Das könnte auch in diesem Jahr so laufen. Er sei sich nicht mehr sicher, sagt Bollmann, "ob dieser Charakterzug durch und durch negativ ist" – oder ob es möglicherweise doch von Vorteil sei, dass die Kanzlerin die Deutschen mit vielem nicht behelligt: "Dass Deutschland in der Krise so ruhig geblieben ist, das liegt ja auch an ihr" – also an Merkels ruhiger, unaufgeregter Art und Weise, sich nicht einmal von Recep Tayyip Erdogans verbalen Ausfällen und diplomatischen Zumutungen aus der Ruhe bringen zu lassen.

In der heutigen Lage, gibt Bollmann zu bedenken, würde eine "Basta-Politik" im Stil von SPD-Kanzler Gerhard Schröder die Situation wohl eher verschärfen als vereinfachen.

Derzeit gebe es keine Krise, von der sich die deutschen Wähler wirklich bedroht fühlten. "Das war in der Flüchtlingskrise anders" – doch die sei mittlerweile kein Angstthema mehr: "Die Flüchtlingsströme sind abgeebbt, die Integrationsmaßnahmen beginnen zu greifen.
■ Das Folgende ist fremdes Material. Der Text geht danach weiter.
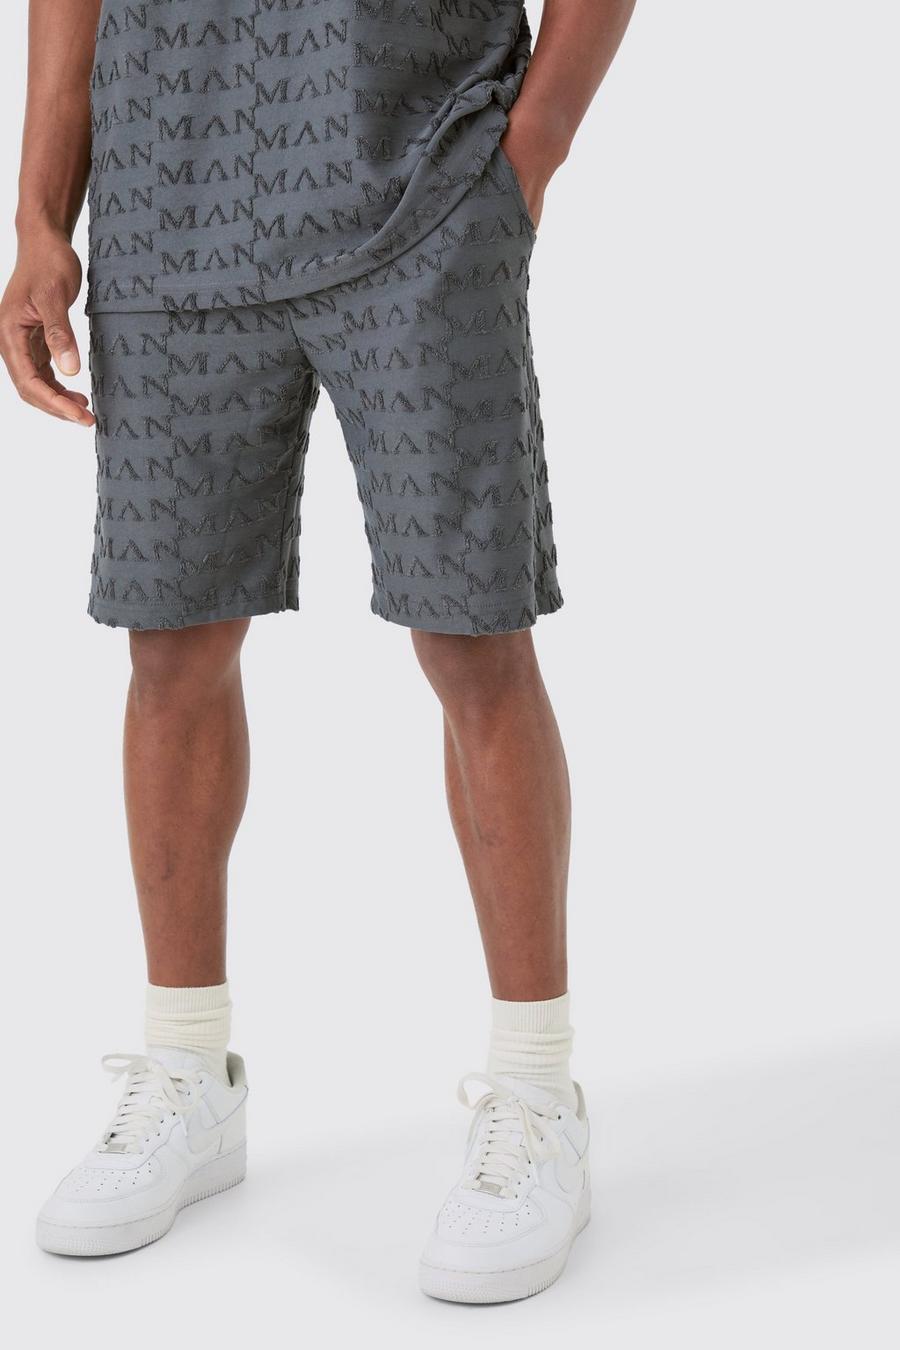 Lockere Man Frottee Jacquard Shorts, Charcoal

Objektiv ist das Problem nicht mehr so drängend", sagt Bollmann.

Der Wähler freue sich stattdessen, dass Merkel und Seehofer offenbar wieder "miteinander können", dass die Konjunktur stabil ist, dass es kleine Fortschritte im Klimaschutz gibt, dass auf Merkels Wahlkampfveranstaltungen die optimistischen, vertrauenserweckenden Botschaften vorherrschen.

Allerdings betont der Experte auch: "Merkel hat vor allem in Krisen Profil gewonnen." Das gelte für die Finanz-, Euro- oder Ukrainekrise und sogar für die Flüchtlingspolitik.
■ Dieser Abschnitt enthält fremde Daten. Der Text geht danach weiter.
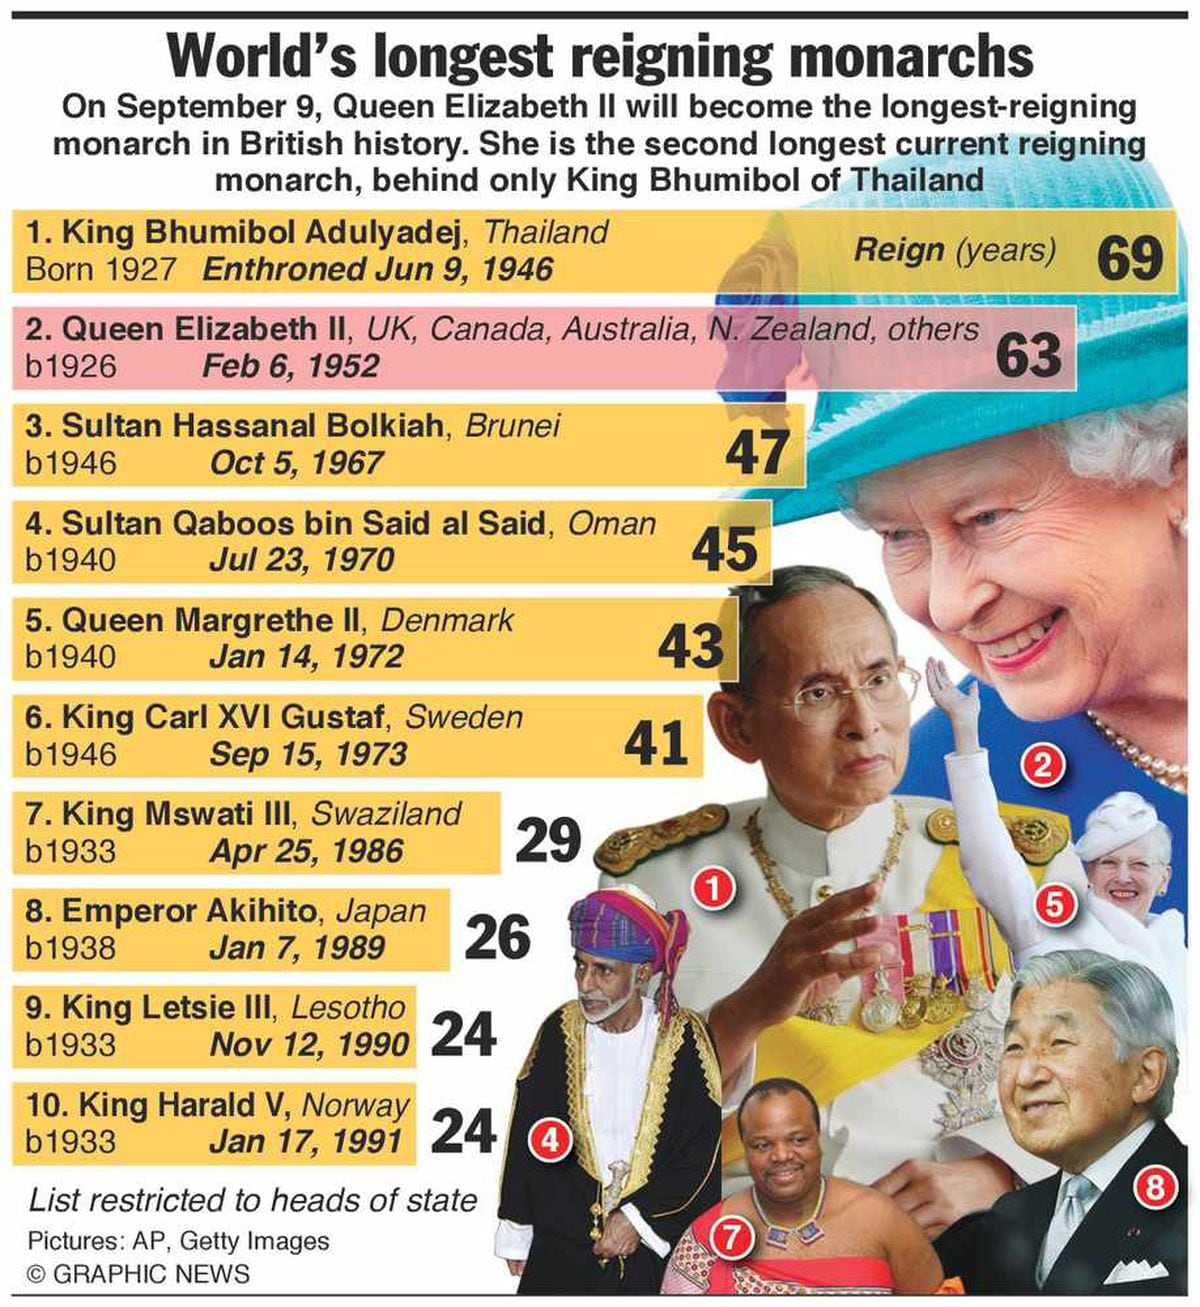 Queen Elizabeth II officially longest reigning British monarch

Urteile über Politiker, gibt er zu bedenken, unterlägen "immer auch gewissen Konjunkturen". Zu Jahresanfang sei Merkel fast schon abgeschrieben gewesen, jetzt gelte sie wieder als unbesiegbar.

Als 2010 Bundespräsident Horst Köhler völlig überraschend zurücktrat, die Union die Landtagswahlen in Nordrhein-Westfalen verlor und die Griechenland-Krise begann, sei Merkel "fast schon am Ende" gewesen, sagt Bollmann. "Damals hätte niemand sie 'Teflon-Kanzlerin' genannt."